Ход реформы договоров можно разбить на три этапа. Первый этап — это работа Конвента по будущему Европы (февраль 2002 – июль 2003 гг.), подготовившему проект Конституционного договора («Европейская Конституция»). Второй этап — межправительственная конференция с участием глав государств и правительств членов ЕС и кандидатов в члены ЕС (октябрь 2003 – июнь 2004 гг.). В ходе конференции в проект Конституции вносились изменения и дополнения, после чего итоговый документ был подписан всеми странами-членами ЕС (в октябре 2004 года). Третий этап — это работа над Лиссабонским договором, включая процесс его ратификации (2006-2009 гг.). Участие христианских церквей прослеживается на каждом этапе «реформенной» работы.
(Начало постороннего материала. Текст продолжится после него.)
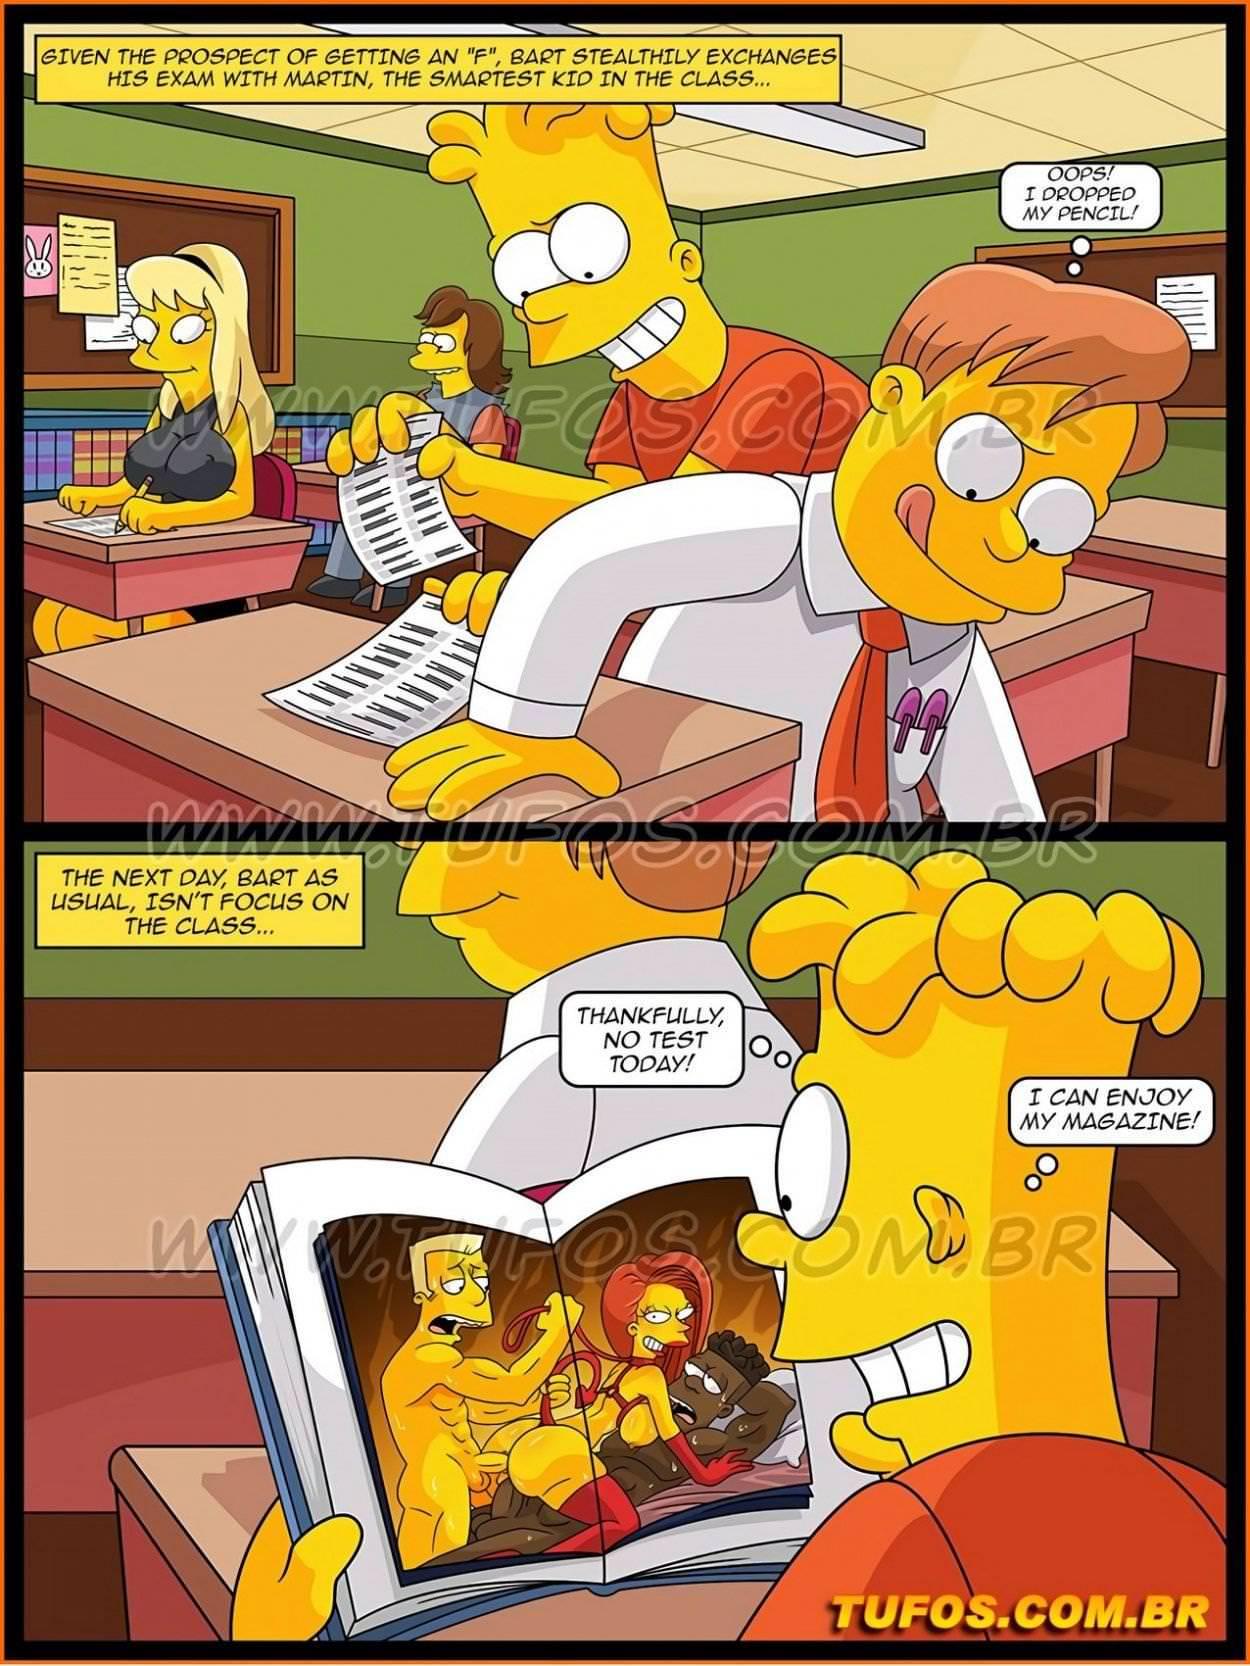 Porno die comic simpsons Popular XXX

Позиция христианских церквей

Христианское сообщество Европы хорошо понимало высокую значимость реформы договоров ЕС, инициированной в начале 2000-х годов. Как было подчёркнуто в заявлении [Католической] Комиссии епископских конференций Европейских сообществ (КОМЕСЕ), «Никогда ранее в истории Европейского Союза проект переосмысления его целей, ответственности, структур и принципов, на которых он основан, не был реализуем так согласованно и заметно» (COMECE, 2002).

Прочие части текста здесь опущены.